The following is a fair and balanced article about my hero, Tennent H. Bagley, but one thing the author left out near the end is the distinct possibility that the collapse of the Soviet Union was planned.

That's what one of Bagley's and Angleton's main sources of information, true defector and KGB major Anatoliy Golitsyn believed. Bagley and Angleton were wise enough to realize that KGB officer Yuri Nosenko, ostensibly needing $250, had "walked into" CIA in Geneva in June 1962 (and who, shortly after the assassination of JFK, had ostensibly left his family behind and "defected" to the U.S. in January 1964) had done so in order to discredit what Golitsyn, who had defected to the U.S. in December 1961, was telling CIA about "moles" and KGB double-agents who had penetrated the CIA and FBI as well as the intelligence services of our allies.

The article:

https://observer.com/2007/02/the-spy-who-came-in-from-geneva-nosenko-the-kgb-defector/?fbclid=IwAR0U_bCIhD71s2GdDAGnDm-TU-aUsu8OxUvczKvIOPwnDTKBb1hFWByWakc

Cheers!

--  MWT  ;)


I don’t think Helms was very impressed. And Osborne felt the need to spike Bagely’s career, with this:

https://www.archives.gov/files/research/jfk/releases/docid-32359254.pdf


 TOP SECRET

13 October 1970

MEMORANDUM FOR THE RECORD

Subject: BAGELY, Tennant, Harrington

#386 38

1) On Wednesday, 7 October 1970 I briefed Colonel L. K. White, Executive  Director-Controller on certain reservations I have concerning the proposed promotion of subject to a supergrade position.

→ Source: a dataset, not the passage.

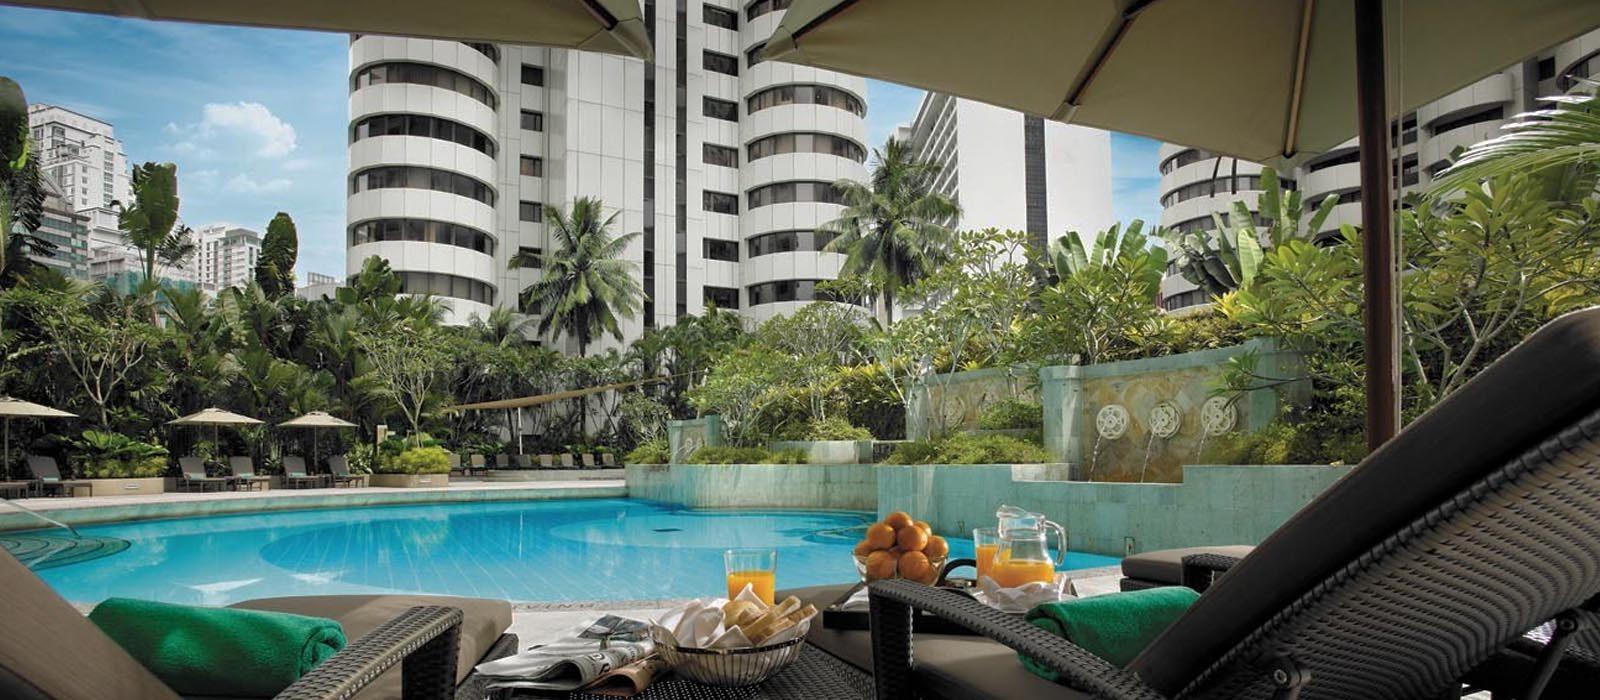 Malaysia Honeymoon Packages Shangri La Kuala Lumpur Header
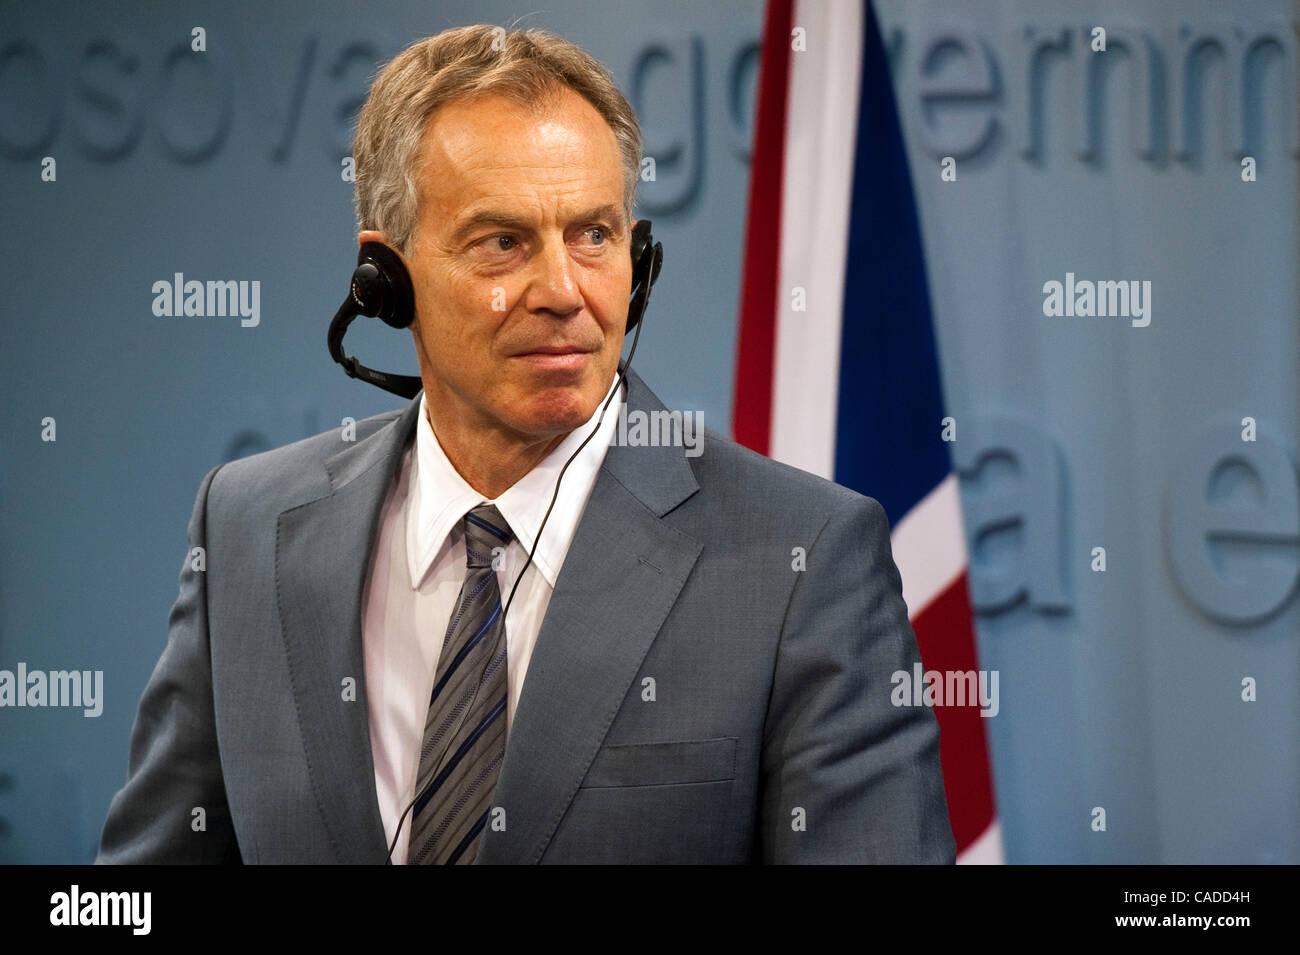 July 08, 2010 - Pristina, Pristina, Kosovo - Britain's former prime minister TONY BLAIR during the press conference Stock Photo

 2)  I was very careful to explain to Colonel White at the outset that my reservations had nothing whatsoever to do with Bagely's security status. I explained that it was my conviction that Bagely was almost exclusively responsible for the manner in which the Nosenko case had been handled by our SR division. I said I considered that Bagely lacked objectivity and that he had displayed extremely poor judgment over a two year period in the handling of this case. Specifically as one example of Bagely's extreme prejudice I pointed out that the SR division had neglected to follow up several leads provided by Nosenko which subsequently had been followed up by this office (Bruce Solie) and that this lead us to individuals who have confessed their recruitment and use by the Soviets over an extensive period of time.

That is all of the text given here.